#### [THE TASK]
Beneath this instruction is a listing. Transcribe from it only the stretch from the line with "Моторное масло для" through the line with "塑料模型, 航空, 喷气式飞机, 军用飞机, 空军 壁纸 1242x2688 允许", both end lines included, exactly as written.

#### [DATA PROVIDED]
*-*-*
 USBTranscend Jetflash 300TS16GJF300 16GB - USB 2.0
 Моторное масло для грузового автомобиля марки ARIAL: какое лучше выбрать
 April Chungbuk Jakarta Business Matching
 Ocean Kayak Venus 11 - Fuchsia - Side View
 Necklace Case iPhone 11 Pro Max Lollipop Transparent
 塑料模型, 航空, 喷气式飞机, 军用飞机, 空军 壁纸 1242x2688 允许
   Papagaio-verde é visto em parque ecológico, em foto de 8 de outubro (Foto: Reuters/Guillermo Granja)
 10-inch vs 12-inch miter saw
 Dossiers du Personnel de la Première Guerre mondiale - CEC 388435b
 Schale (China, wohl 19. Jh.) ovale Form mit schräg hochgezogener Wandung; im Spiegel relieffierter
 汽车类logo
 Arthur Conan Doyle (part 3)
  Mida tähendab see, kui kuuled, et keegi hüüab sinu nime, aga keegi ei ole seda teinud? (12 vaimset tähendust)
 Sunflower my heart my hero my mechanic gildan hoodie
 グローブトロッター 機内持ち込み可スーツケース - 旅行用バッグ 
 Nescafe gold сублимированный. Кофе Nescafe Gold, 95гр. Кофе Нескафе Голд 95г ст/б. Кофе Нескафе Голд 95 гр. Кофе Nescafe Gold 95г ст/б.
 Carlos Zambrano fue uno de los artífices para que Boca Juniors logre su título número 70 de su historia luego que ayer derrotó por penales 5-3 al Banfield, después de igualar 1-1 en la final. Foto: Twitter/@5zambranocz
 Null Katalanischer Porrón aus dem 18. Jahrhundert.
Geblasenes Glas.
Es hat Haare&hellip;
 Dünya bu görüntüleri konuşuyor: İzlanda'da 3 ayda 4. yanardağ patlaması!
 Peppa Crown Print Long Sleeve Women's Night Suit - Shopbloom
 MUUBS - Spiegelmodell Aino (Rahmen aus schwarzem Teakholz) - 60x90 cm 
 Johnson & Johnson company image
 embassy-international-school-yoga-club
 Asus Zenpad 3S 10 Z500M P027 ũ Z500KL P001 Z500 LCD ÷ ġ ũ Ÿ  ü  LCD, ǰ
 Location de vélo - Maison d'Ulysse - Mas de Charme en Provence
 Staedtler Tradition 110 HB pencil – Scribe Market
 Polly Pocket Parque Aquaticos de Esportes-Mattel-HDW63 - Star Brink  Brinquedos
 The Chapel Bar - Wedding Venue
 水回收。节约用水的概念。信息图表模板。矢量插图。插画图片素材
*-*-*
#### [RESULT OF THE TASK]
 Моторное масло для грузового автомобиля марки ARIAL: какое лучше выбрать
 April Chungbuk Jakarta Business Matching
 Ocean Kayak Venus 11 - Fuchsia - Side View
 Necklace Case iPhone 11 Pro Max Lollipop Transparent
 塑料模型, 航空, 喷气式飞机, 军用飞机, 空军 壁纸 1242x2688 允许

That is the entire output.